1 of 1 people found this helpful
interesting experiment. Two things came to my mind while reading your post:
1) You are clearing CR0.CD without performing a cache flush afterward. As I understand the CD bit, it does nothing more than disable cache-line fills (in case the target cacheline of a cachable read operation is not already in the cache). So you would need to flush both the L1 and L2 caches completely, after CR0.CD has been set, or you risk of working on potentially-stale (cached) data. Of course, if you read a cacheline that was not previously cached, it won't be cached afterward; but if a cacheline was still in the cache when you set the bit, it will never be flushed, because there is no other cacheline to replace it (at least in L2; you can force it out of L1 via WBINVD).
2) CR0.CD influences all memory operations, not just data accesses; therefore, setting this bit also disables caching of executable code, like the one of your test loop. I don't know what type of bus accesses the P54C uses to read code, though, so I'm not sure whether this can explain your measurements.
If I wanted to verify this theory, I would probably try to count the number of assembly code bytes forming your test loop, then try to calculate how much time it takes to transfer over the mesh.
Thanks a lot for the insight!. I ran the code the again with WBINVD just after the cache enable/disable but it did not make any difference. I don't think the shared memory is already in the cache before I execute the loop. I think the caching of code could make a difference. I will try to confirm it as you have suggested. However I would like to ask two things
- Is there a way a to invalidate the L2 cache also.?
- Can I somehow verify if the uncacheable shared memory is actually not getting cached ? I checked the PTEs and they have the CD bit set but I want to be sure.

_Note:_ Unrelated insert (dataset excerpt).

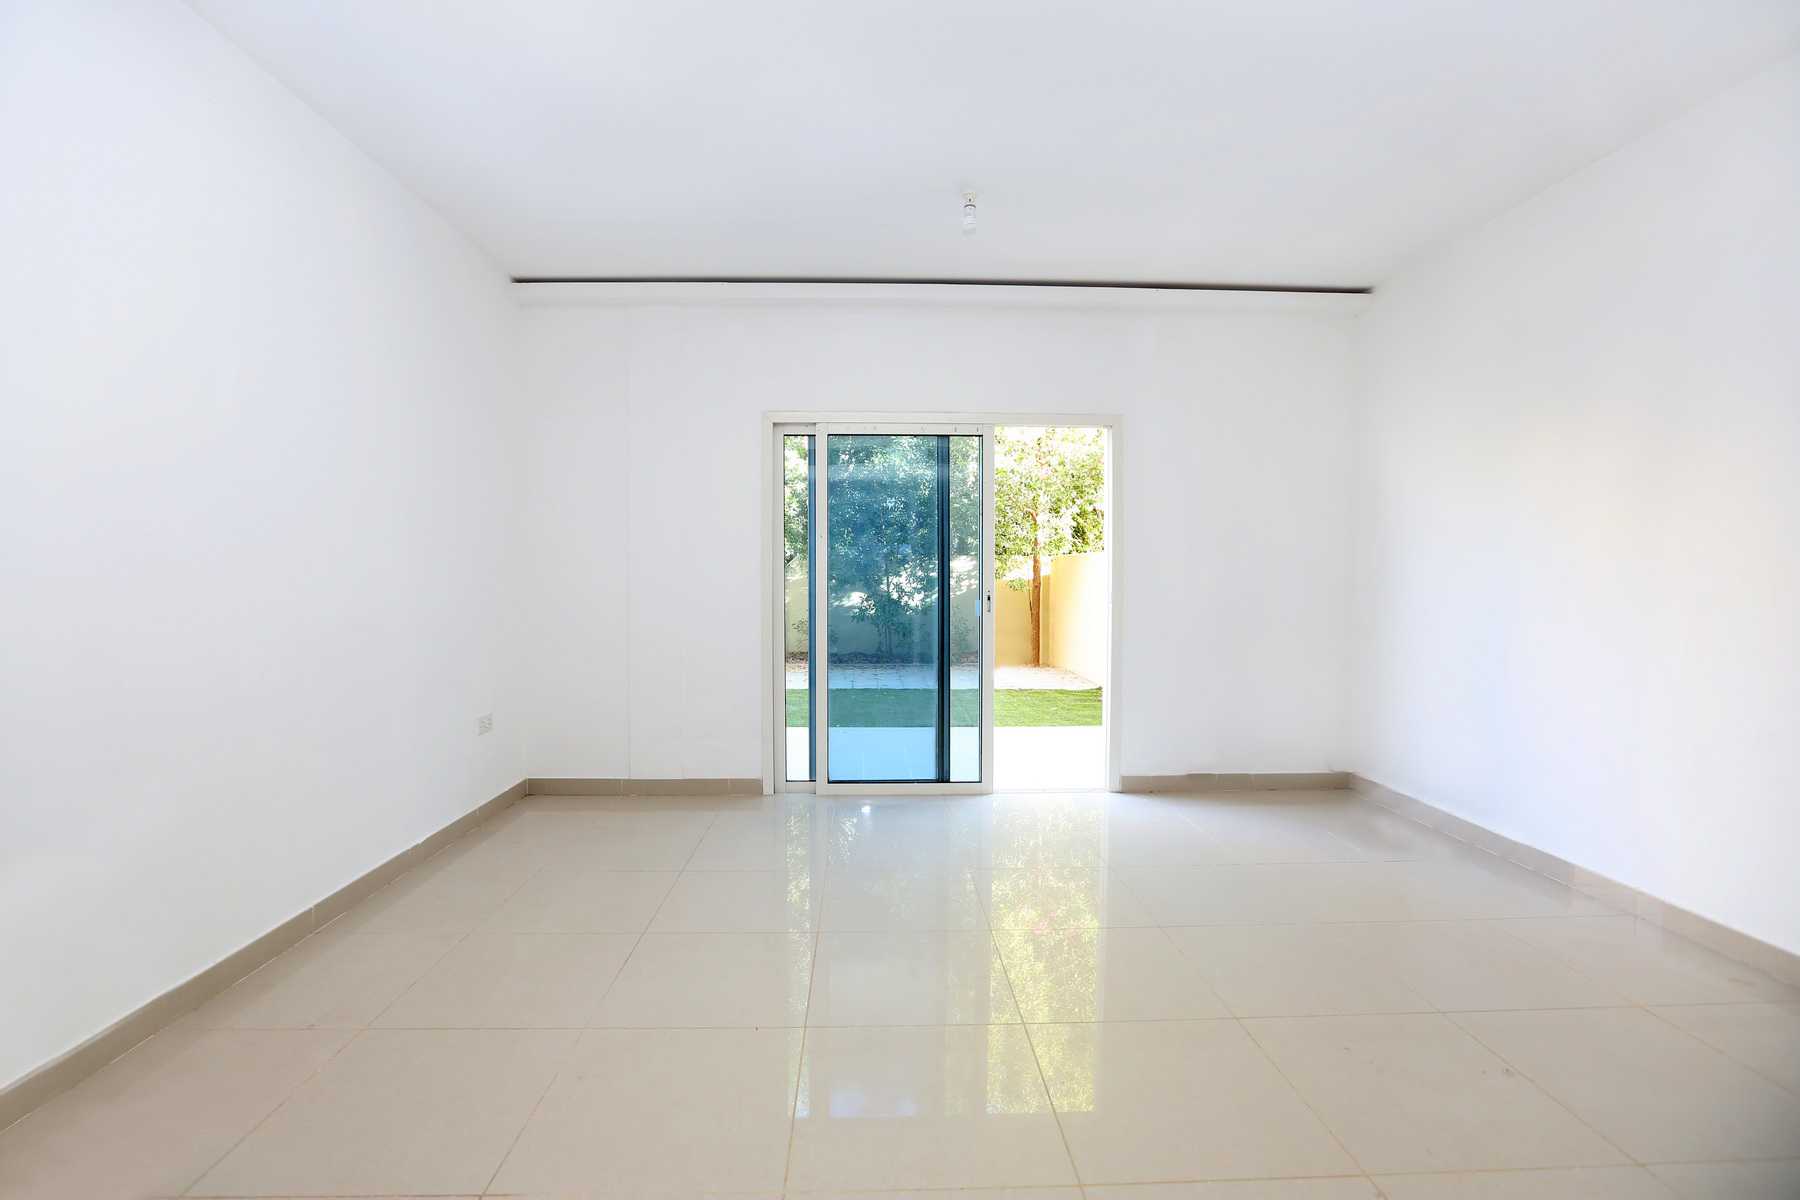 Internal Photo of 2 Bedroom Villa in Al Reef Villas  Al Reef Abu Dhabi UAE 170.2 sq.m 1832 sq.ft (6).jpg

the L2 cache cannot be flushed directly. The only means known to do that is to construct a certain series of memory reads, such that the memory operations seen on the processor's front side (i.e., after traversing through L1) cause the target cachelines to be evicted from L2. This is extremely hard; if you are interested, you can find the discussion here: http://marcbug.scc-dc.com/bugzilla3/show_bug.cgi?id=195
If you want to make sure that certain data never appears in L2, you could also set the MPBT caching type. Make sure support for it is enabled in CR4, then set the MPBT (PS) bit in the page table; data marked this way will be cached in L1 only (and writes accumulated in the external WCB), but never cause L2 fills. Due to the WCB, it is recommended to use PWT=1 with such mappings.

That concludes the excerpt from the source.